Dans un article du Monde, daté du 13 septembre 2023, la journaliste Claire Legros résume l’enjeu politique et sémantique que représente le mot matrimoine (et son effacement dans le temps) : c’est « un mot très ancien, dont l’histoire éclaire l’invisibilisation méthodique de la créativité des femmes et de leur rôle dans la culture et les arts, avant que des chercheuses ne leur redonnent vie depuis une vingtaine d’années ».
Réhabiliter le mot matrimoine, permet ainsi de visibiliser et reconnaître la contribution des femmes à l’héritage culturel du monde.
D’où vient le terme « Matrimoine » ?
Comme le retrace l’article du Monde, qui s’appuie sur les travaux de l’anthropologue américaine Ellen Hertz, la première occurrence du mot, sous la forme « matremuine » en ancien français, remonte à 1155 et désigne les « biens de la mère », « au même titre que le patrimoine se réfère à ceux du père. Du XIIIe siècle à la fin de la Renaissance, le mot « matrimoine » est couramment utilisé dans le cadre des héritages » précise la journaliste.
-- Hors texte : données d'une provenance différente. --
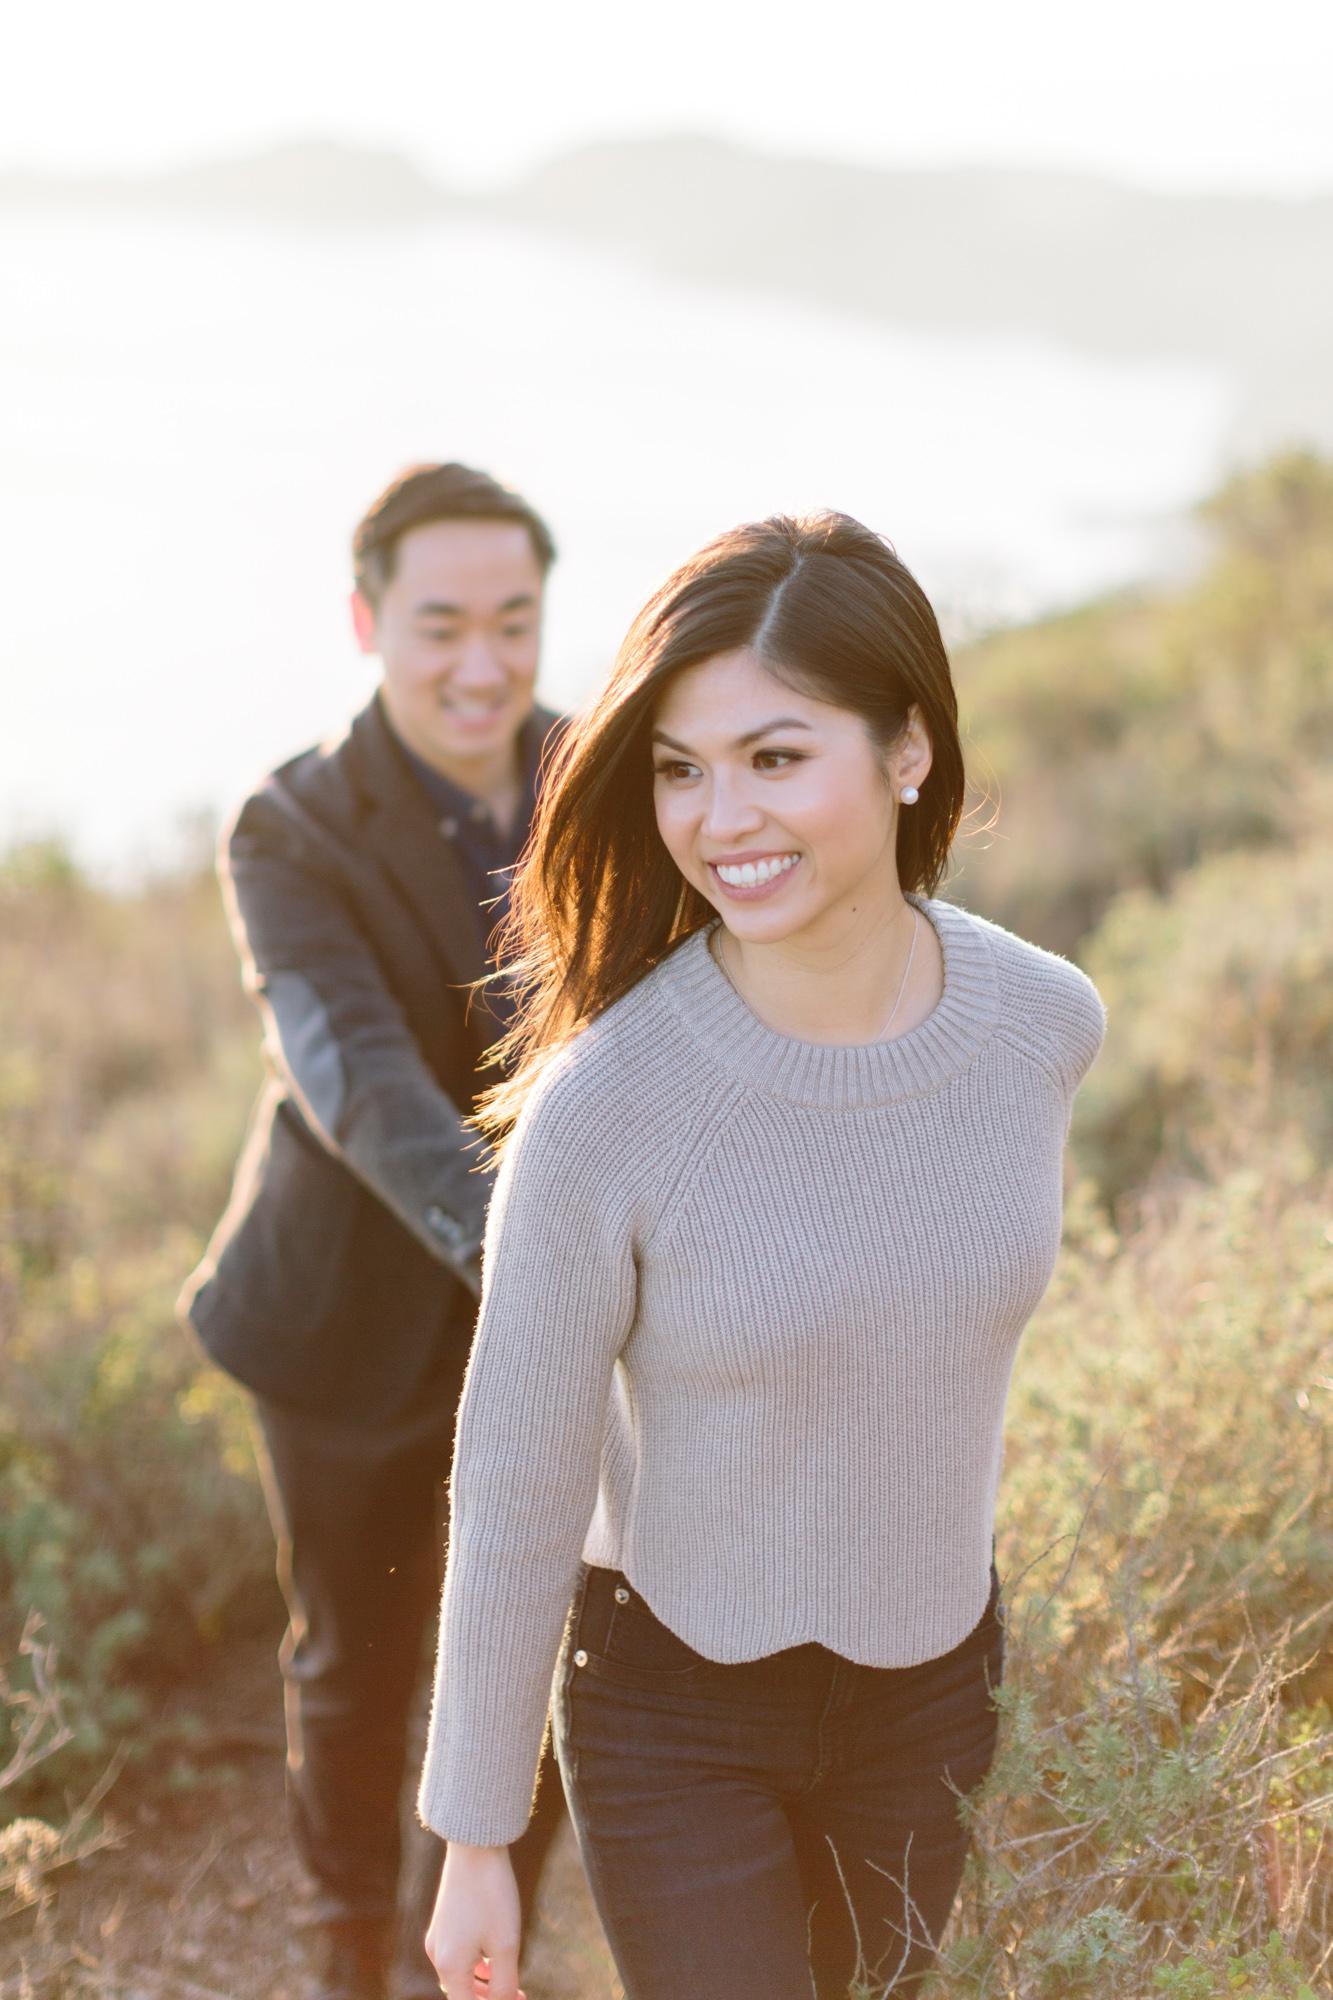 joeewong-jaal-california-san-francisco-engagement-21

En 1634, l’Académie française voit le jour, et avec elle le choix d’ériger le masculin en valeur par défaut. Le mot matrimoine disparaît donc des dictionnaires, au profit de son analogue masculin. Ce n’est que dans les années 2010 qu’il signe son retour, grâce aux travaux de la chercheuse et metteuse en scène Aurore Evain : « celle qui a permis de réhabiliter l’usage du terme « autrice » fait du matrimoine l’un des étendards de la bataille pour l’égalité dans les arts et la culture » ajoute Le Monde.
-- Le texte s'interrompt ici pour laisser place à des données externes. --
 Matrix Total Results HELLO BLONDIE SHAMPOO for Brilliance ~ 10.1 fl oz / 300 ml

Qu’est-ce-que les Journées du Matrimoine et pourquoi les célébrer ?
Le rapport 2023 de l’observatoire de l’égalité du ministère de la Culture le montre bien : aujourd’hui encore, malgré les efforts de parité mis en place dans le secteur culturel, les femmes restent minoritaires (41%) à la direction des établissements publics de la culture.
Du côté des artistes exposés, le déséquilibre est encore plus flagrant :
La représentativité des femmes dans le catalogue collectif des collections des musées de France, Joconde, est le reflet de cette histoire. Sur un total de 511.979 notices relevant de près de 35.000 artistes, les femmes artistes sont au nombre de 2.304, avec 20.575 œuvres. Elles représentent donc 6,6 % des artistes de la base de données, avec 4 % du nombre d’œuvres. Même s’ils sont très faibles, ces pourcentages de 2021 n’en sont pas moins supérieurs aux chiffres connus pour la seconde moitié du dix-neuvième siècle. En France, elles étaient alors 3.818, soit 1,74% des artistes répertoriés…
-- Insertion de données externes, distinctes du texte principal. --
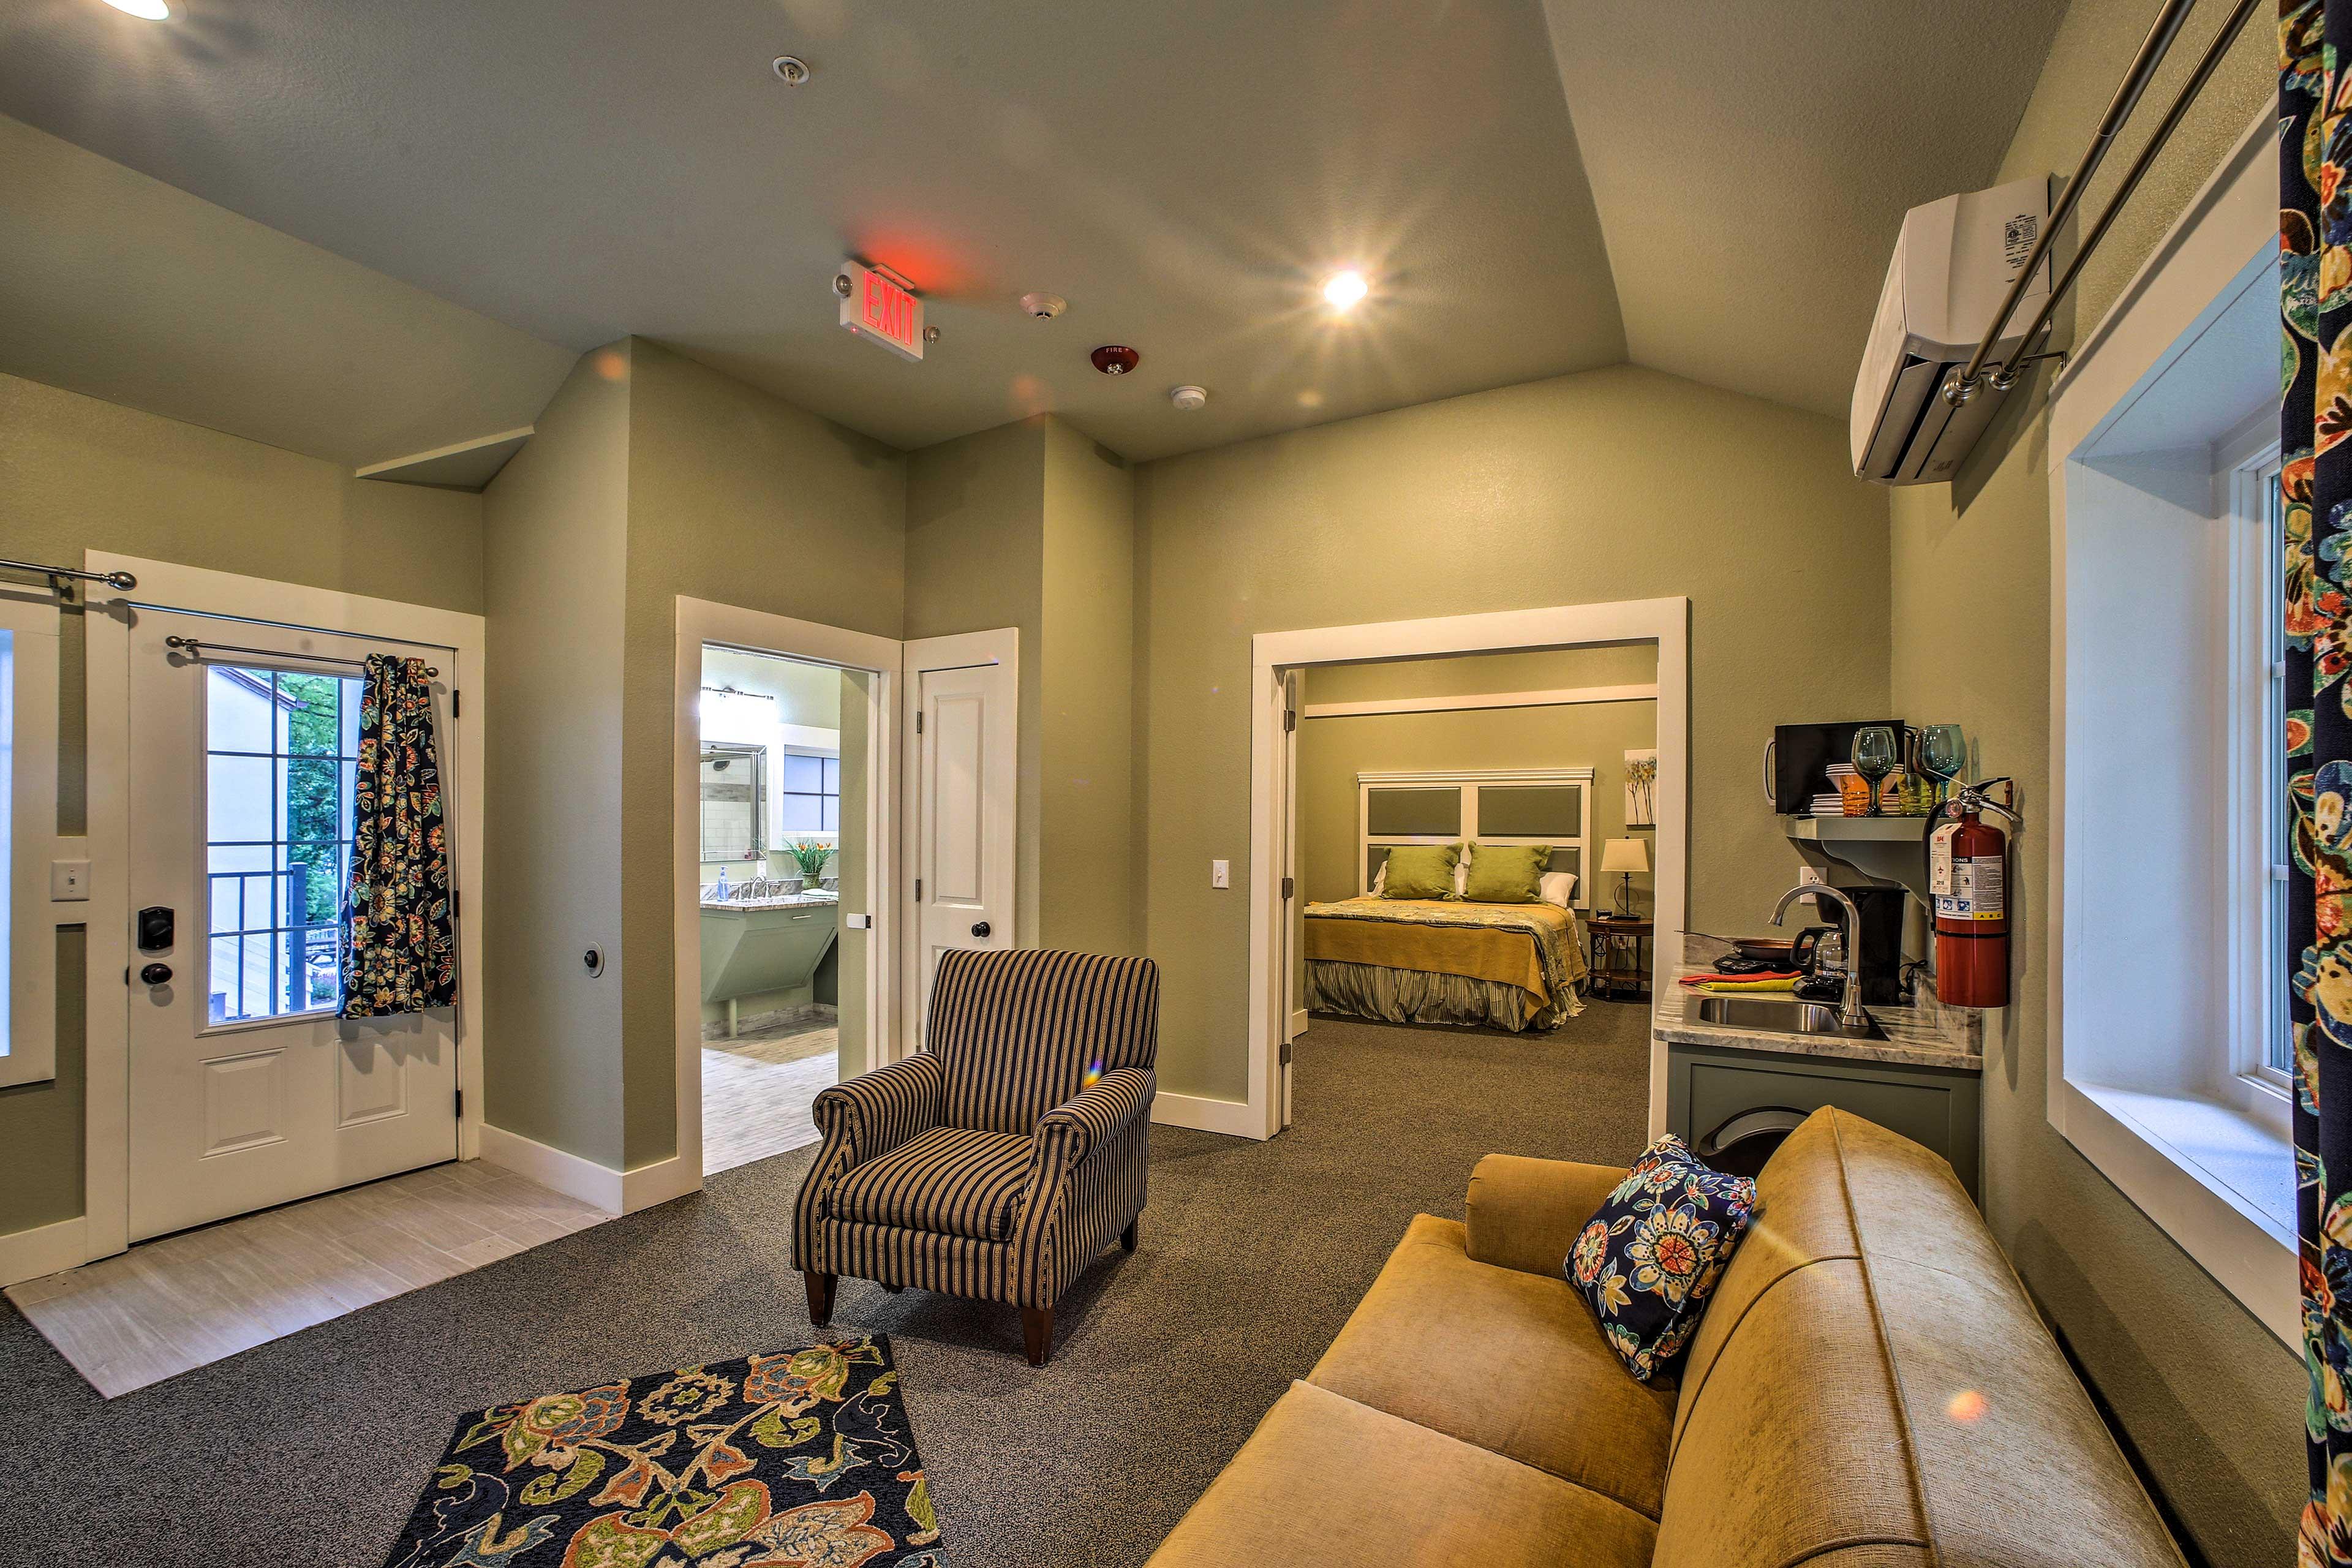 This quaint unit has plenty of room for a 1-bedroom cottage!

Site du ministère de la Culture, « Les Musées en France »
C’est pour cela qu’en 2015, la Fédération inter-régionale pour l’égalité femmes-hommes dans les arts et la culture a créé les Journées du Matrimoine qui visibilisent et revalorisent « l’héritage culturel des femmes, que le terme de patrimoine a tendance à invisibiliser ».
Le Mouvement a d’ailleurs lancé une pétition afin de réhabiliter ce terme, tombé en désuétude, et « (re)construire notre Matrimoine culturel ». Le but ? « Rendre à nouveau visibles les œuvres oubliées des femmes du passé en les intégrant à notre héritage global ». C’est une manière de « leur donner la place qu’elles auraient dû avoir si l’Histoire ne s’était pas écrite au masculin. Ce Matrimoine retrouvé permet aussi aux jeunes générations de se projeter dans des carrières en ayant des modèles féminins », peut-on lire sur le site de la pétition.
La fédération réclame que les Journées Européennes du Patrimoine (JEP) soient rebaptisées Journées Européennes du Matrimoine et du Patrimoine (JEMP). Si certaines villes comme Paris, Bruxelles ou Rouen célèbrent désormais le double héritage, trop de collectivités ne l’intègrent pas encore à leur réflexion :
En effet, le Matrimoine n’est pas encore inscrit dans le langage, l’espace et l’opinion publique et encore moins dans la politique culturelle nationale et locale. Pire encore, de trop nombreuses institutions culturelles ignorent le Matrimoine dans leur réflexion et action culturelles ou alors d’autres se contentent de laisser l’initiative à des collectifs militants comme le Mouvement HF.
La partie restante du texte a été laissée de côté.